All callers of s/b-replace happened to pass arguments that didn't trigger
its bugs.
But one caller of b/s-replace (namely stream-write-sequence) could
legitimately call it in a way that did trigger one of its bugs.
E.g. if the buffer was smaller than the sequence, it would corrupt memory
by writing beyond the buffer's bounds.
I have fixed all the bugs, which were in s/b-replace and b/s-replace.
Performance
For clisp:
b/s-replace also copies less.
The old version always called subseq, which copies.
The new version copies only if the source seq is not a vector.
s/b-replace is not expected to allocate memory proportional to its
input arrays.
But due to its call to memory-as, it did.

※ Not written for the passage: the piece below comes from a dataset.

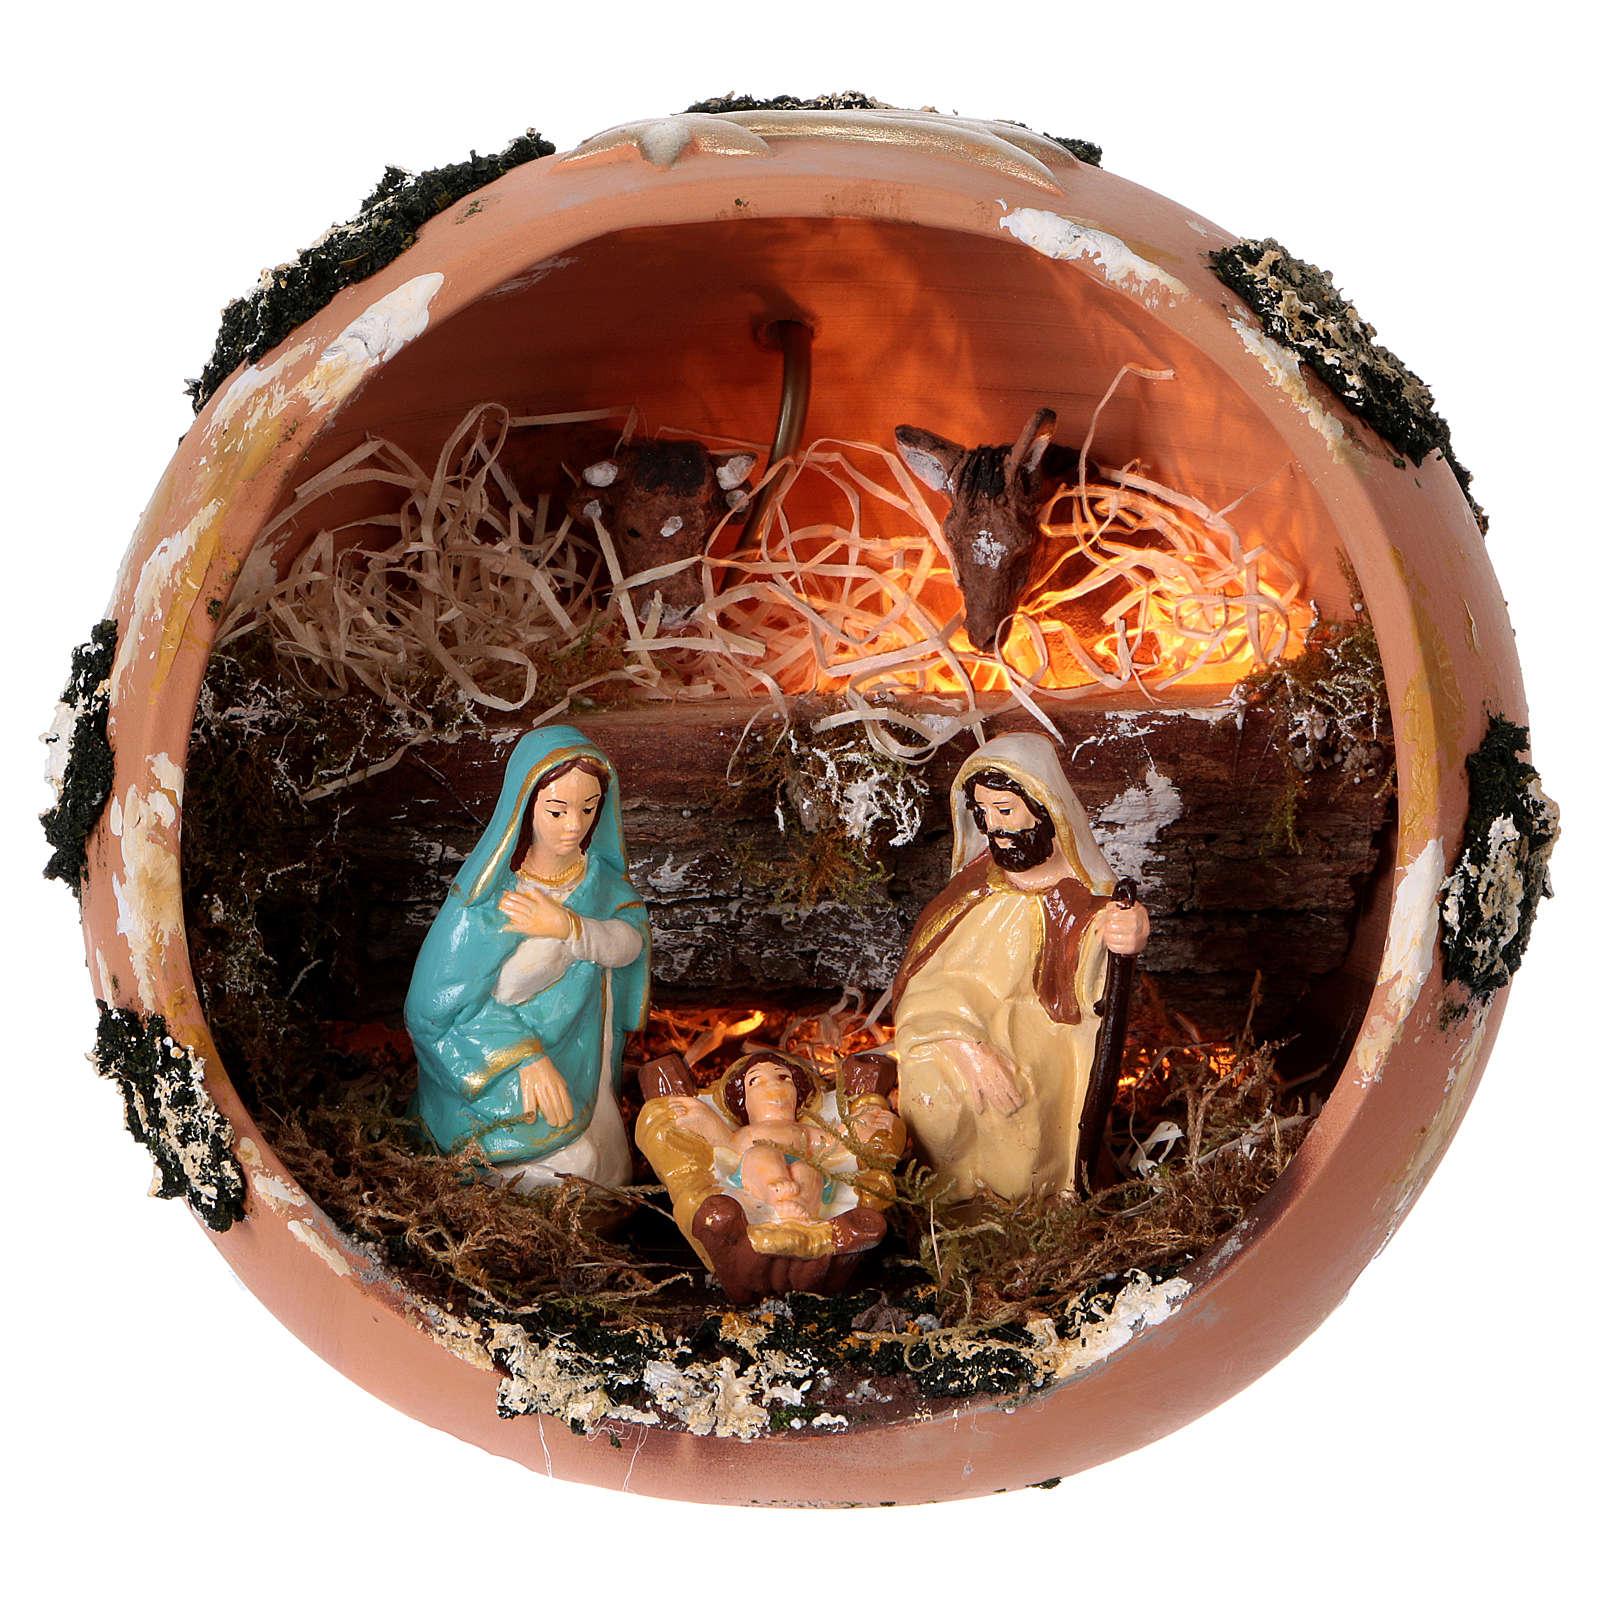 Bola belén con luz de terracota Deruta 5 piezas 4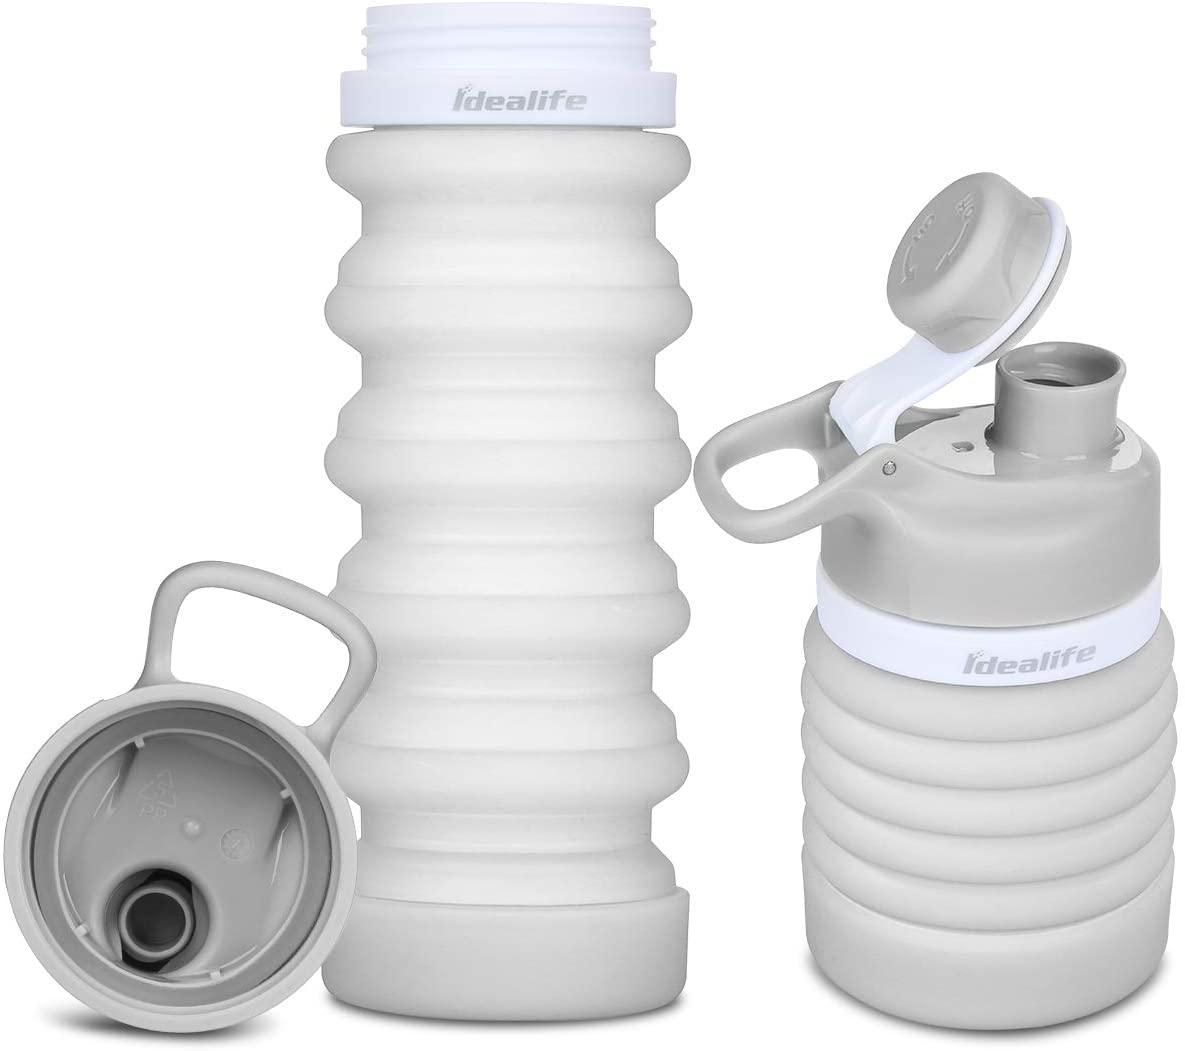 Idealife Collapsible Water Bottle BPA Free Food-grade Portable Silicone Leak Proof Safe Water Bottle for Women Men Kids, 18oz 550ml

Now it doesn't. It allocates O(1) memory, regardless of input array sizes.
b/s-replace also allocates O(1) memory now.
For all lisps:
stream-read-sequence
I have made this clearer.
stream-write-sequence
I have rewritten this to be clearer.
And faster. The old version could flush a non-full stream.
As a pathological case,
writing 1 byte, then 2048 times writing 2049 bytes, would cause 4096
flushes.
Now that will cause only 2049 flushes.
Memory leak on clisp
There was also a memory leak because foreign buffers were allocated but
never freed. I have fixed this by extending the buffer API and having
all callers of make-buffer also release the buffer when finished with it.